The increasing adoption of Large Language Models (LLMs) has prompted widespread exploration into their potential applications across numerous sectors of the labor market. Businesses and academic institutions are progressively examining how integrating AI-driven conversational models into their workflows can address specific organizational needs, optimize resource allocation, and significantly reduce the time and effort required for various tasks. A particularly promising area of investigation involves utilizing the Natural Language Processing (NLP) capabilities inherent in contemporary LLMs to automate labor-intensive administrative tasks.

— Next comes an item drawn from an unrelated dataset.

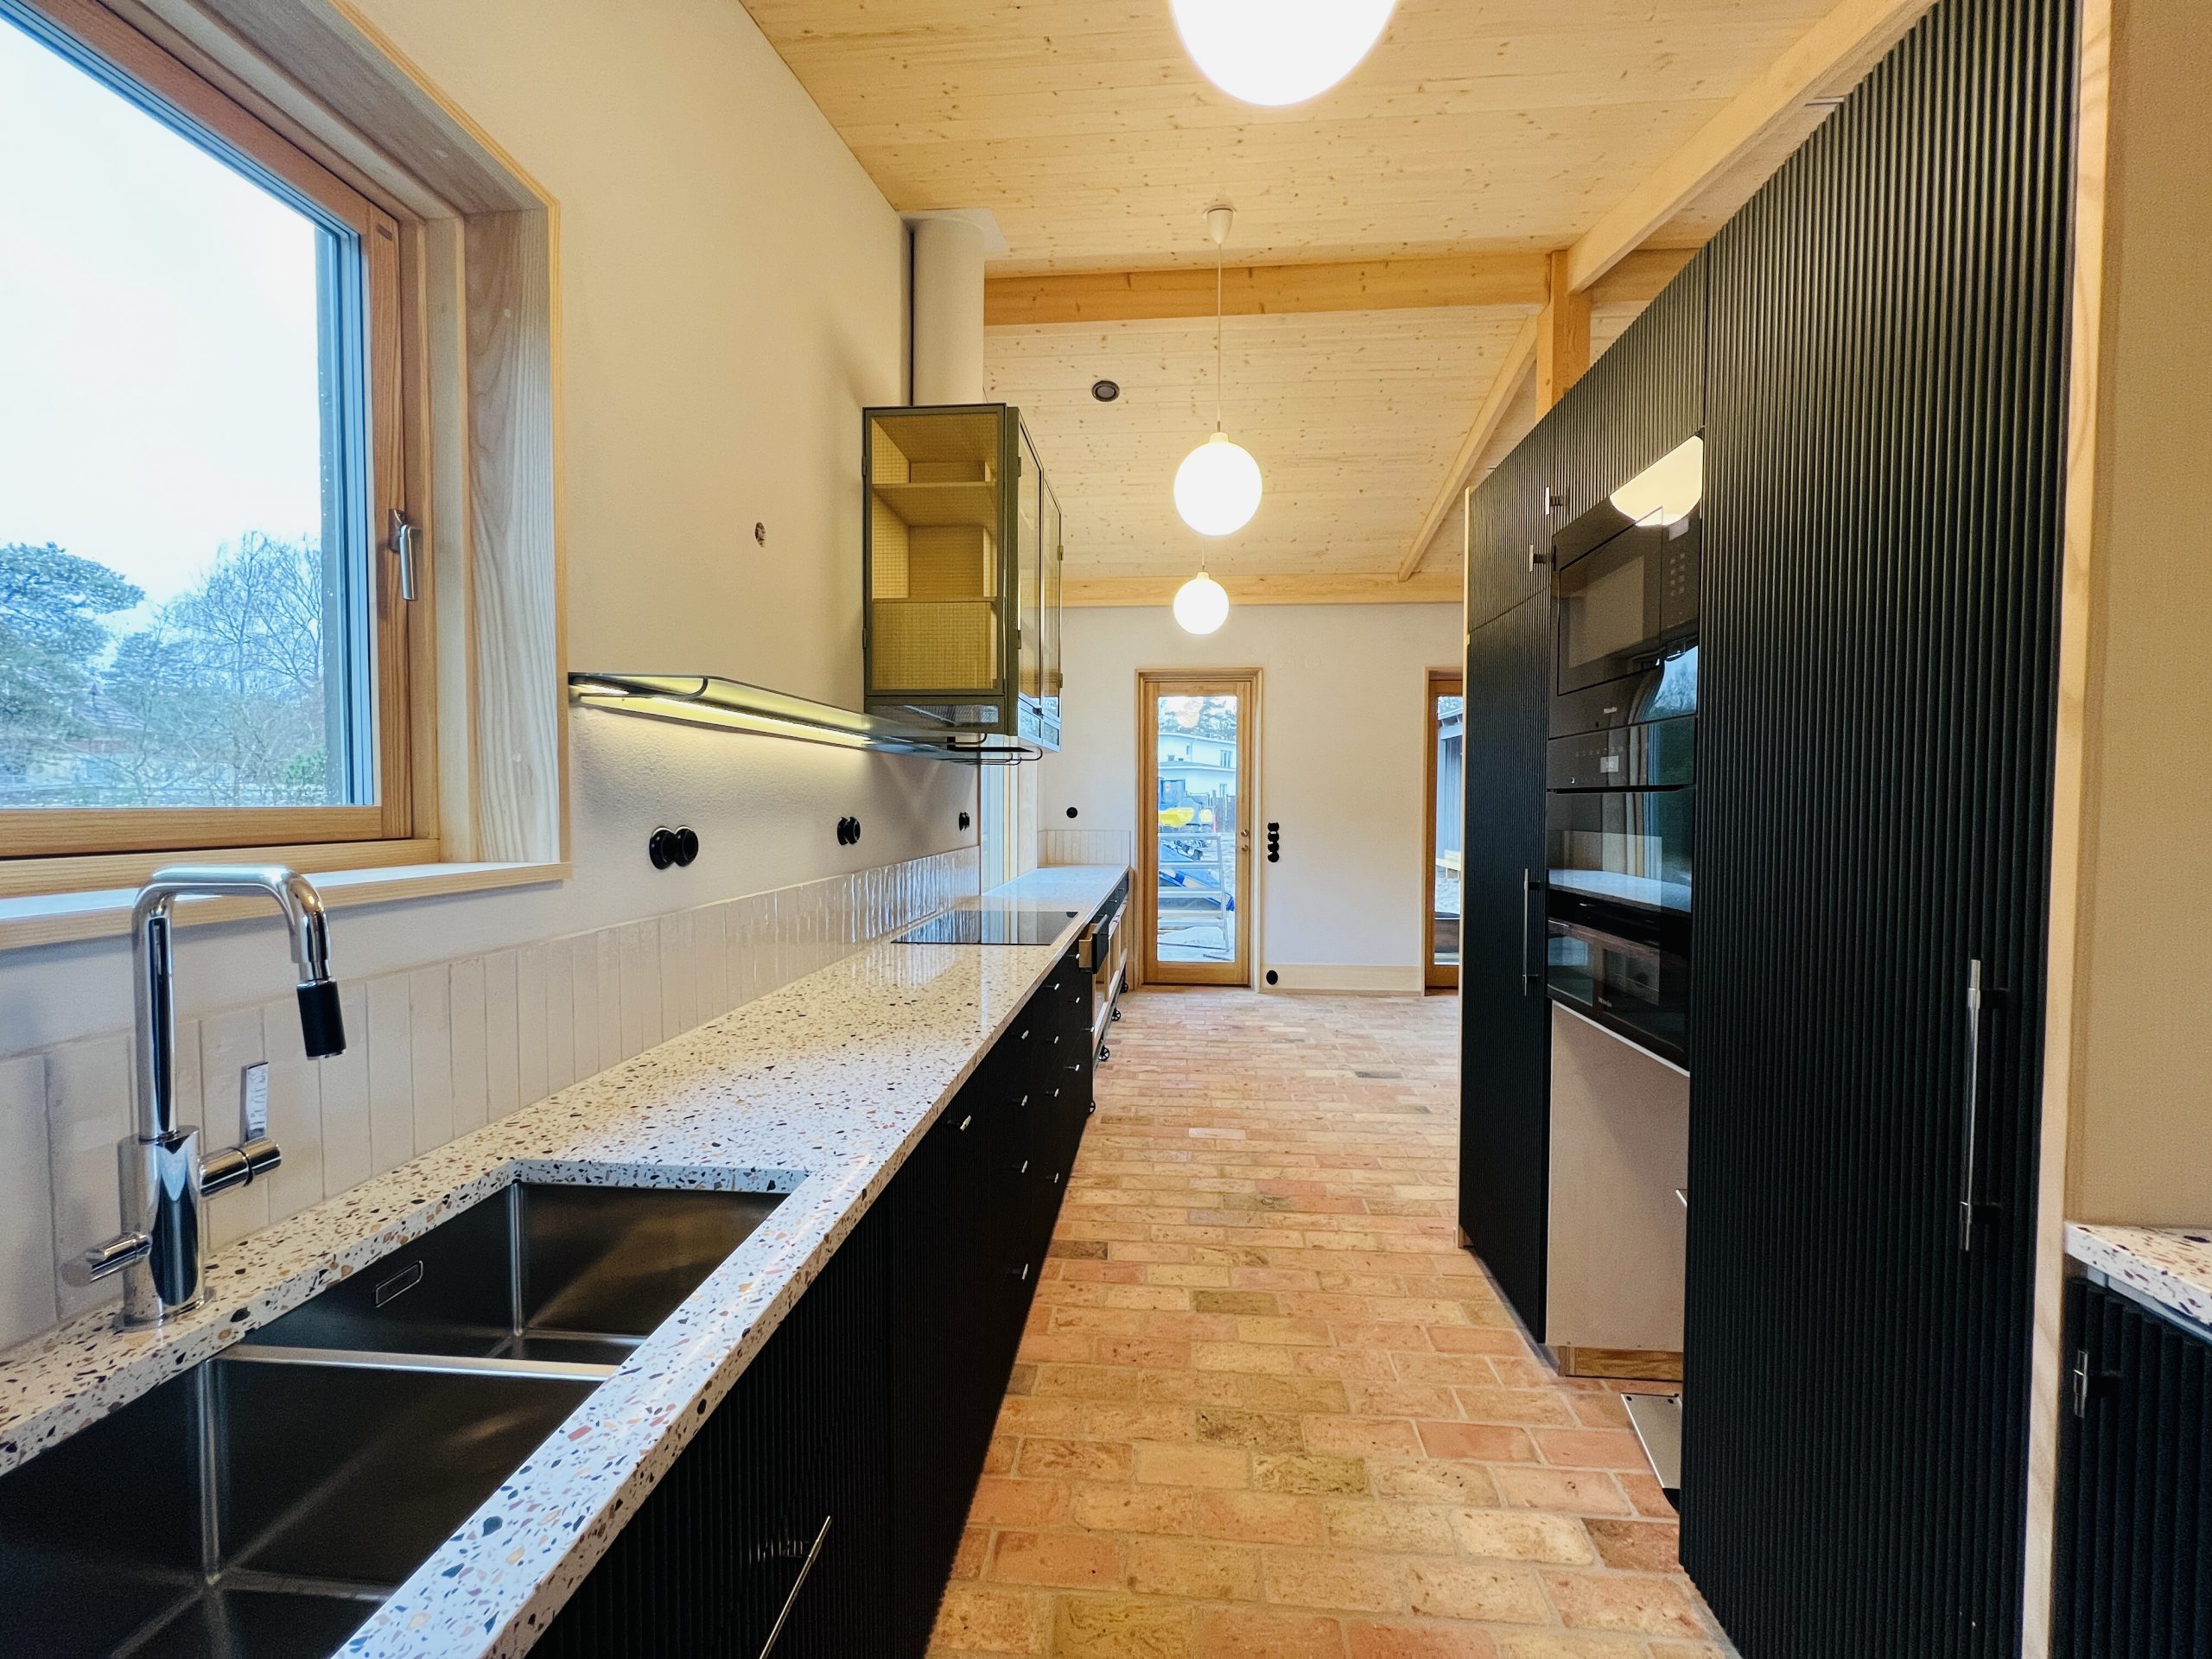 Platsbyggt svart kök med lång härlig bänkskiva utan överskåp

This project specifically aims to evaluate the efficacy of currently available LLMs in generating personalized academic curriculum plans for students enrolled in college degree programs. Central to this assessment was determining the capacity of LLMs, varying by origin, technical specifications, and deployment environments, to accurately interpret and execute a set of interrelated instructions. These instructions guided the placement of multiple courses into an organized, semester-based schedule format. Precise prompt engineering was essential for enhancing the models' accuracy and ensuring effective generation of individualized curriculum schedules. The outputs generated by these models were subsequently reviewed for adherence to specific constraints, such as course prerequisites and semester-specific course availability. The primary test configuration consisted of a structured, four-semester schedule, each semester comprising four courses, with only one correct arrangement meeting all prerequisite and availability requirements.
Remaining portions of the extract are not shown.